Europe’s biggest energy users warn soaring costs will hit competitiveness
Some of Europe’s biggest energy users are curbing production as they warned soaring power and gas prices could lead to higher manufacturing costs and hit competitiveness.
Dunkirk’s Alvance, Europe’s largest producer of aluminium, has reduced output by close to 4 per cent since early December, as outages at several nuclear power plants sparked higher electricity prices in France.
Nyrstar, the zinc producer owned by commodity trader Trafigura, has said it will mothball a 150,000-tonne-a-year smelter in Auby, northern France, after Christmas due to record power prices.
The company, which has already curtailed production across three sites in France, Belgium and the Netherlands because of surging energy costs, said it expected the higher prices to continue.
“Electricity is 35 per cent of our fixed costs, which is huge,” Xavier Constant, the director of the smelter, told France Info radio this week. The closure will last at least two months.
European gas prices jumped to new records this week as reduced Russian imports increased winter demand.
Gas for delivery in Europe next month, which was already trading at record levels, jumped more than 20 per cent on Tuesday to close at €181 per megawatt hour.
In the UK, prices climbed 20 per cent on Tuesday to a record 450 pence per therm, although they had fallen back to trade at 348p on Thursday.
Some British steelmakers are pausing production when electricity prices rise, according to trade body UK Steel.

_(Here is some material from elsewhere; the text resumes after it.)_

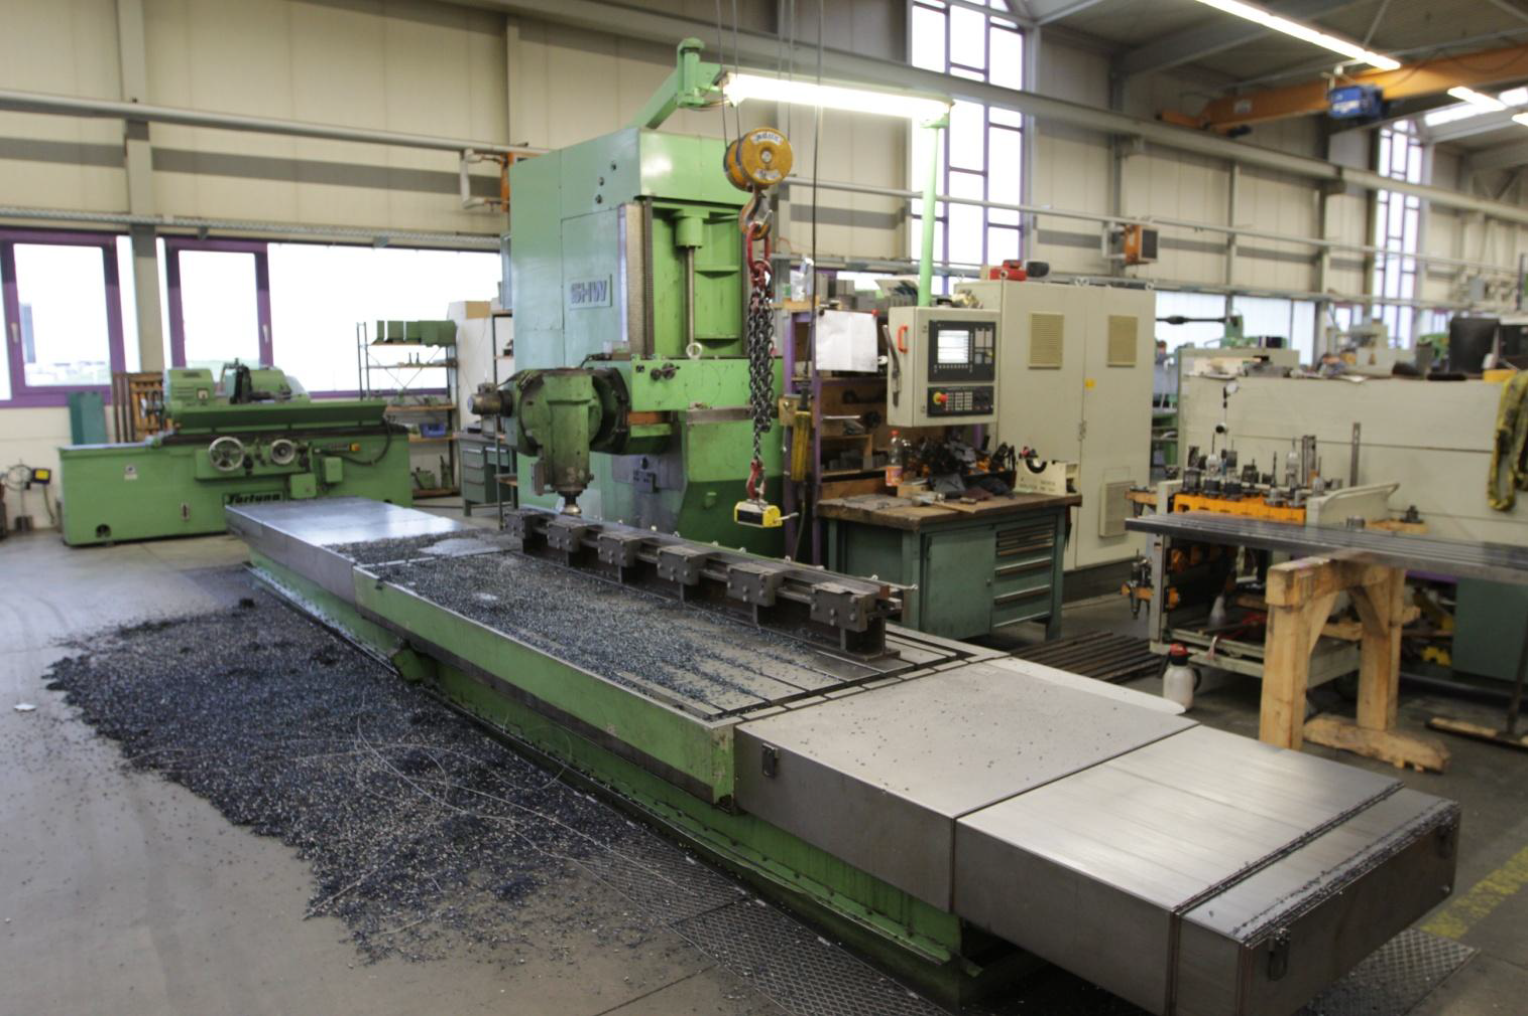 SHW UF 4 Cnc universal milling machine - Exapro

Richard Leese, chair of the Energy Intensive Users Group, warned that concerns were rife that “as inflation starts to bite, demand might subside and when it does, companies will still be left with very high operational costs”.
Bankers said their phones had been “ringing hot” from commodity traders seeking additional credit lines to cover margin calls — demands for extra cash to cover trading positions in natural gas and LNG.
Big commodity traders use derivatives to hedge contracts against price swings and lock-in margins. This typically involves selling futures contracts linked to TTF, Europe’s wholesale gas price.
Gas is used to generate electricity and is directly used to make products such as fertiliser and plastics. Although most large companies have long-term supply contracts in place, concerns are rising that a sustained increase in prices could undermine companies’ competitiveness.
Among industry bosses, Tony Smurfit, chief executive of FTSE 100 listed Smurfit Kappa, Europe’s largest paper-based packaging manufacturer, warned that further price rises for its cardboard boxes were likely.
“If [prices] stay up here, it will be very inflationary for the world,” he said. “Do you apply a surcharge for energy and make that an exemption or suck it up and make it a normal course of business through a price rise?”
As well as rising energy prices, which have gone up four or fivefold in recent months, companies are facing higher carbon prices, which have tripled since the start of the year.
The rises have prompted some of the bloc’s biggest energy users, including steel, cement and fertiliser producers, to step up calls on governments to address “unbearably high energy prices”.
In the UK, Jonathan Reynolds, shadow business secretary, called for the government to invest £3bn in the steel industry to halt a decline in jobs after analysis showed the loss of 5,500 metal workers in the past nine years.
Reynolds has also called for the Treasury to intervene to protect steel and other energy-intensive industries from soaring energy prices. “The government have just put their ‘out of office’ on, complacently sitting back, while other countries have already taken action,” he said.
Jacob Hansen, director-general of Fertilizers Europe, said “politicians have not really understood how serious it is”.
“The energy market is not working for Europe . . . I worry with the [gas] prices now as many plants got back to production again [after maintenance]. I think they will reconsider what they’re doing again,” he said.